¡El sexo como obligación!

Foto: El Universal COLPRENSA ©

Norma Bejarano Psicóloga-Sexóloga

El término obligación, considerando su origen etimológico, es usado frecuentemente como sinónimo de “deber”. Se supone que el deber obliga, prende, agarra; los deberes son obligatorios, atan (a ciertos preceptos), traban, coartan a la persona en el sentido de verse forzada. 

En épocas neoliberales, asuntos como el amor y el sexo parecen no ir de avanzadilla en muchas parejas. Mi neurona farandulera leyó hace algunos días el famoso ‘acuerdo’ prematrimonial de Jennifer López con Ben Affleck para tener sexo 4 veces a la semana;  los motivos van, entre otros, para que el guapo hombre no despliegue su fanatismo por los affaires. Nada más alejado de la realidad, pero teniendo en cuenta que son ‘estrellas’ no es rara una excentricidad más.

¡La tarea sexual! 

Hay cosas que carecen de sentido y utilidad. El sexo es un aspecto de la vida que se gusta y se disfruta así mismo sin orientarse a imposiciones, retos, obligaciones ni a fines superiores. La tarea o misión sexual desarrolla con el tiempo una postura al rechazo. En esta sociedad las negatividades como quehaceres, prohibiciones, castigos, se sustituyen por formas egoístas de bienestar. El sexo se despolitiza para convertirse en un asunto de control: el sometido no es consiente de su sometimiento. La figura del pacto fingirá como libre. Sin la aparente obligación, la autoimposición generará presión que cobrará factura, sobre todo si los sujetos no están estructurados emocionalmente, son inmaduros, no se regulan y a los que sólo los gestiona un acuerdo (escrito) para no incumplir: entre más ‘papeles’ para firmar más cortos de edad somos (kant, en Gallo Acosta). 

¡La exigencia de optimizar el sexo! 

El sexo que se asume como un deber dentro de una relación de pareja, (debo tener sexo equis veces a la semana) parece elegante pero no lo es. 

Existe el imperativo de que la sexualidad salva matrimonios, nutre el amor, blinda contra la infidelidad; puede que sí, pero no es una generalidad.
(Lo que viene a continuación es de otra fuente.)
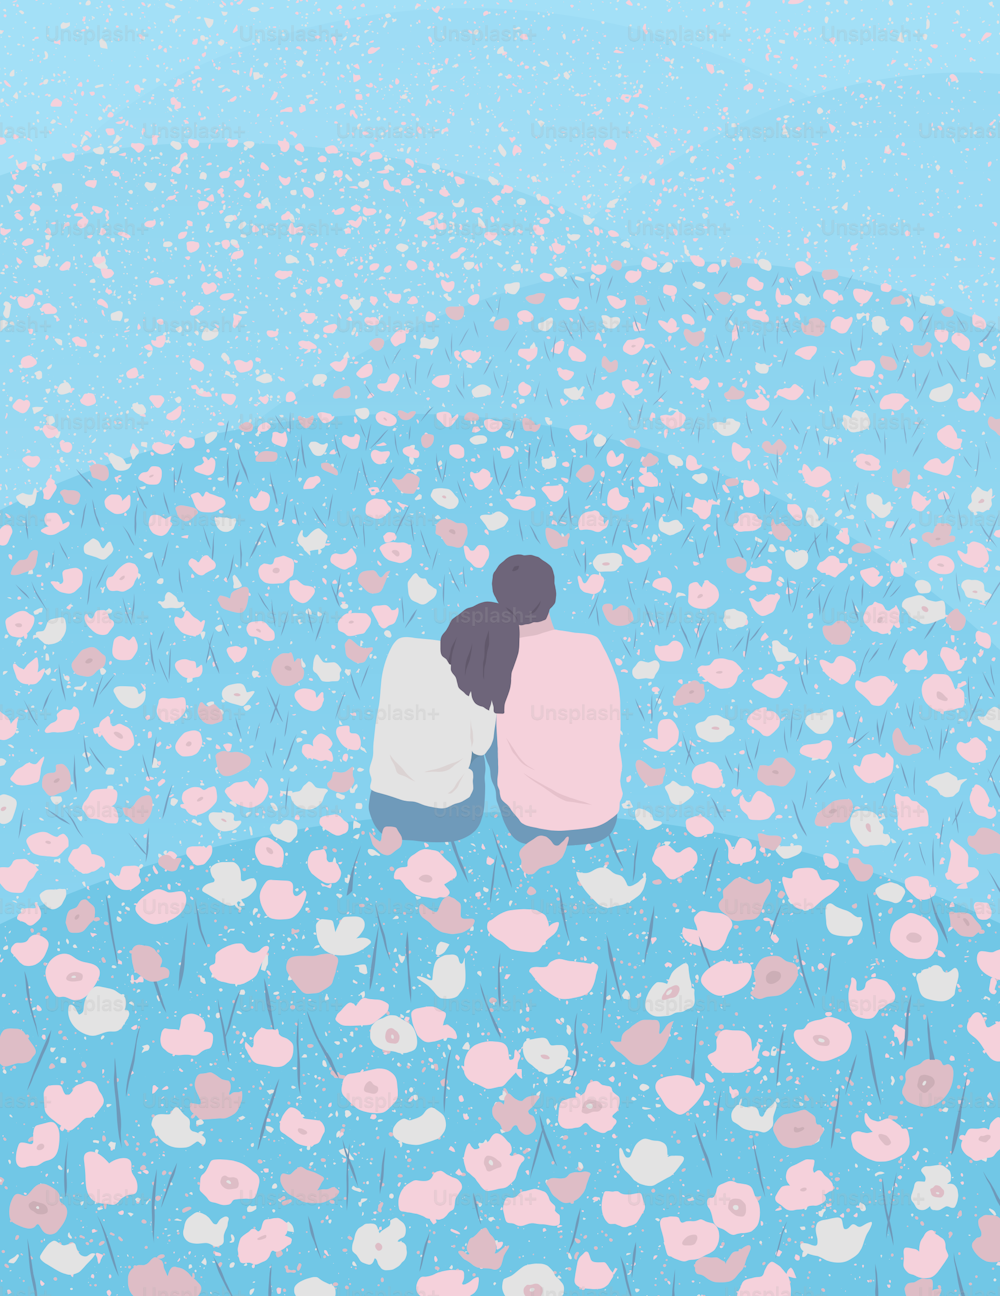 꽃밭에 앉아 있는 두 사람

La exigencia de optimizar el sexo en pareja es un ajustarse a relaciones de poder. Imponer sexo genera desajustes, el deseo no se puede domar, no se adiestra, no puede encasillarse; al sexo no le gustan los objetivos, el sexo contable a ciertos días impide el goce y reprime los deseos. Cada persona es autónoma, y está bien que entre parejas se pacten situaciones que se consideren oportunas dentro de sensatos límites, convenientes y plausibles para avanzar en la sociedad afectiva. Pero no es posible obligar a una de las partes a un número de relaciones sexuales porque coarta la libertad y afecta su moral sexual: se está forzando la capacidad de elección sexual de una persona. 

¡El sexo no es una obligación! 

La obligación puede estar enlazada a diferentes reglas: morales, políticas, judiciales, religiosas etc. Pero no al sexo. El sexo es placer y debe ir asociado a deseo y pasión, si se vive el sexo como un deber y se tienen relaciones sexuales porque toca, es probable que se generen insatisfacciones varias, corriendo el riesgo de matar la pasión, la fidelidad y el erotismo. El sexo por deber en la pareja no molesta, en apariencia. El deber gentil se muestra seductor y permisivo, y como se hace pasar por libre se hace invisible pero es sexo obligado. Esta suerte de vigilancia asume una forma distinguida y catastrófica.  El sexo debe ser un aspecto para sentirse bien desde la holgura mental, no una carga. Amanecerá y veremos en qué termina la cláusula ‘Bennifer’ cuando mermen las hormonas golosas. Complicada por la personalidad y gustos.